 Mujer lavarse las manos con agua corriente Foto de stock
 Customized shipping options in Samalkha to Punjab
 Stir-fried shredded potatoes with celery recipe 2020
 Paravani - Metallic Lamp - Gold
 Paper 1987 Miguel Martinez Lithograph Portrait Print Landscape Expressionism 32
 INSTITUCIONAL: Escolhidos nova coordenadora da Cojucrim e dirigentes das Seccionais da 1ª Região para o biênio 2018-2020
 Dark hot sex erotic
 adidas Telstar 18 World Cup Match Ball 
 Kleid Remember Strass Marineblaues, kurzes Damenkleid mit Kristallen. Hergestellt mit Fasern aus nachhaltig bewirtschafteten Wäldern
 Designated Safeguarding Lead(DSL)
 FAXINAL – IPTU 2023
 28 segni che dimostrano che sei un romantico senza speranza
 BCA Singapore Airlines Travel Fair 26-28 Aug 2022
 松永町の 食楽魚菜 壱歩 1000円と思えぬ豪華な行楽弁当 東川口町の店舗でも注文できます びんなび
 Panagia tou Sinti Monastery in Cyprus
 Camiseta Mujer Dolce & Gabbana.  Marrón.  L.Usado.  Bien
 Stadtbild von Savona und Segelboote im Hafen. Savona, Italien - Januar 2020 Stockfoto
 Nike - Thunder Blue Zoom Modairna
☆ ☆ ☆
Could you restate word for word the lines above from the one containing "Paravani - Metallic Lamp - Gold" through the one containing "松永町の 食楽魚菜 壱歩", both included, and nothing else?

 Paravani - Metallic Lamp - Gold
 Paper 1987 Miguel Martinez Lithograph Portrait Print Landscape Expressionism 32
 INSTITUCIONAL: Escolhidos nova coordenadora da Cojucrim e dirigentes das Seccionais da 1ª Região para o biênio 2018-2020
 Dark hot sex erotic
 adidas Telstar 18 World Cup Match Ball 
 Kleid Remember Strass Marineblaues, kurzes Damenkleid mit Kristallen. Hergestellt mit Fasern aus nachhaltig bewirtschafteten Wäldern
 Designated Safeguarding Lead(DSL)
 FAXINAL – IPTU 2023
 28 segni che dimostrano che sei un romantico senza speranza
 BCA Singapore Airlines Travel Fair 26-28 Aug 2022
 松永町の 食楽魚菜 壱歩 1000円と思えぬ豪華な行楽弁当 東川口町の店舗でも注文できます びんなび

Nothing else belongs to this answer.